In the present context, as mentioned, the term "hardened extract" means a product obtained by blowing air into a petroleum extract at an elevated temperature, preferably 250-350°C, the petroleum extract being obtained by solvent extraction of a distillate-petroleum fraction that boils in the boiling range for lubricating oil, e.g. 350-600°C, and contains a significant amount of aromatic hydrocarbons.

Examples of solvents that can be used to extract the distillate petroleum fraction are furfural, phenol and N-methylpyrrolidone. The distillate that is subjected to extraction does not contain asphaltenes, and this extraction process must be separated from the use of e.g. liquid propane to obtain a product rich in asphaltenes from residues, which process is sometimes described as a "solvent" process.

Examples of such petroleum extracts are materials with the designation "Enerflex" process oils. Particular examples of petroleum extracts suitable for air blowing are "Enerflex 65" and "Enerflex 96", with "Enerflex 96" being particularly preferred. It is preferred that the hardened extract is prepared from a petroleum extract with a content of saturated hydrocarbons and aromatic hydrocarbons determined by molecular analysis (clay-gel) ASTM D2007, of less than 10% by weight for saturated hydrocarbons and preferably above 75% by weight -%, preferably above 80% by weight for aromatic hydrocarbons.

The hardened extract obtained by the above-mentioned air blowing is a solid material at room temperature. In order to obtain a hardened extract with the desired low content of saturated hydrocarbons, it may be necessary to select a petroleum extract in which the content of saturated hydrocarbons is low. The choice of a suitable petroleum extract can easily be made by the person skilled in the art on the basis of simple experiments. The blowing with air can be carried out in the presence of a catalyst, e.g. a metal halide Friedel-Craft catalyst such as ferric chloride, or no catalyst.

The hardened extracts used in the present invention must be separated from bitumen. When crude oil is distilled to remove materials that boil up to the end of the gas oil range, the resulting residue known as atmospheric residue can be subjected to vacuum distillation to recover waxy distillates. The residue from this vacuum distillation, known as vacuum residue, is a bitumen. The rest can alternatively (either at atmospheric pressure or vacuum) be treated with e.g. liquid propane to deposit a bitumen layer.

The composition of hardened extracts and bitumens can be determined on the basis of their content of certain classes of materials, namely asphaltenes, toluene insolubles, saturated hydrocarbons, cyclic compounds and resins.

In this method, asphaltenes are defined as the fraction which is precipitated using a large excess of n-heptane, but which is soluble in toluene. Toluene-insoluble matter is the fraction that is insoluble in toluene. Saturated hydrocarbons are defined as the fraction eluted with n-haptan from an alumina/silica gel column, cyclic compounds are the fraction eluted with toluene, and resins are the fraction eluted with a 50/50 toluene/absolute ethanol mixture.

Typical data for hardened extracts and bitumens are given in table 1 where "HE" stands for "hardened extract" and where the number after "HE" is the softening point. Information is provided on two different types of hardened extract, identified as type A and type B.

It will be seen that both type A and type B hardened extracts have a lower content of saturated hydrocarbons and a higher content of asphaltenes and insoluble substances than both raw-distilled and blown bitumens with an equivalent softening point. The hardened extracts used preferably have a content of asphaltenes plus insoluble substances of at least 20% by weight and a content of saturated hydrocarbons of less than 10% by weight. The content of asphaltenes alone is preferably at least 20% by weight.

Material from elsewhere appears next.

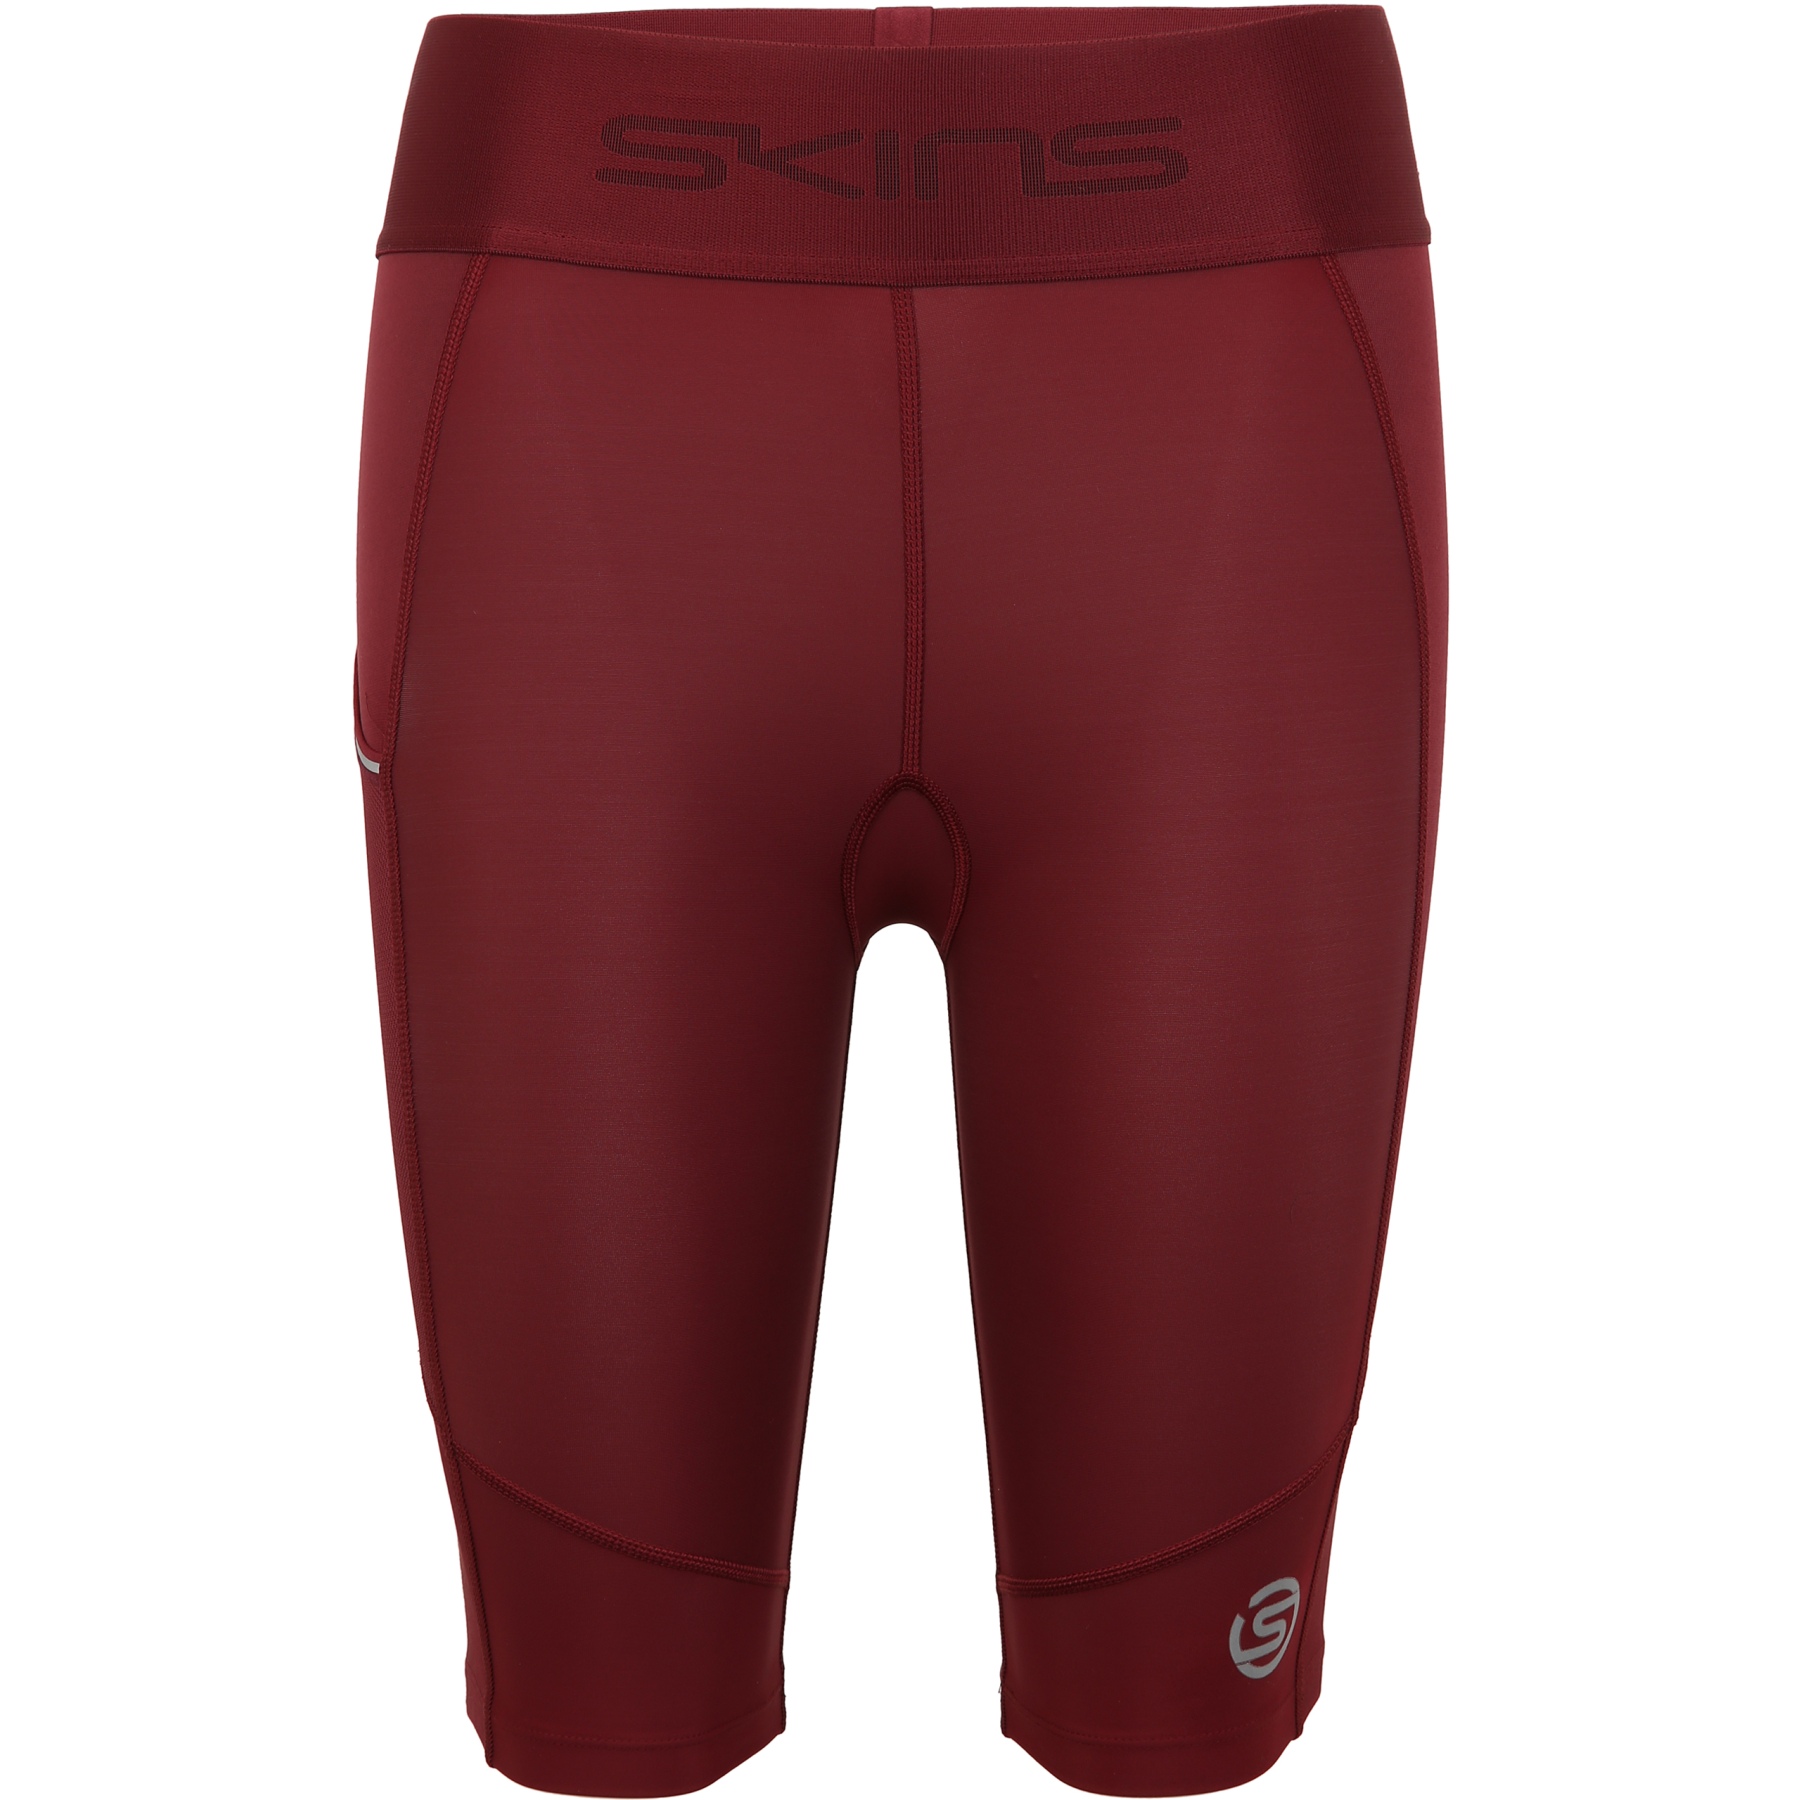 Picture of SKINS Compression 3-Series Half Tights Women - Burgundy

Hardened extracts are available with a variety of softening points. Hardened extracts with softening points in the range 50-200°C can thus be used. It is preferred to use hardened extracts with a softening point in the range 85-170°C. The softening point of a hardened extract is measured using the ring and ball test which is used to determine the softening point of bitumens. This experiment is described in Chapter 13, page 12 of the "Petroleum Products Handbook" by Guthrie, published 1960 by McGraw Hill.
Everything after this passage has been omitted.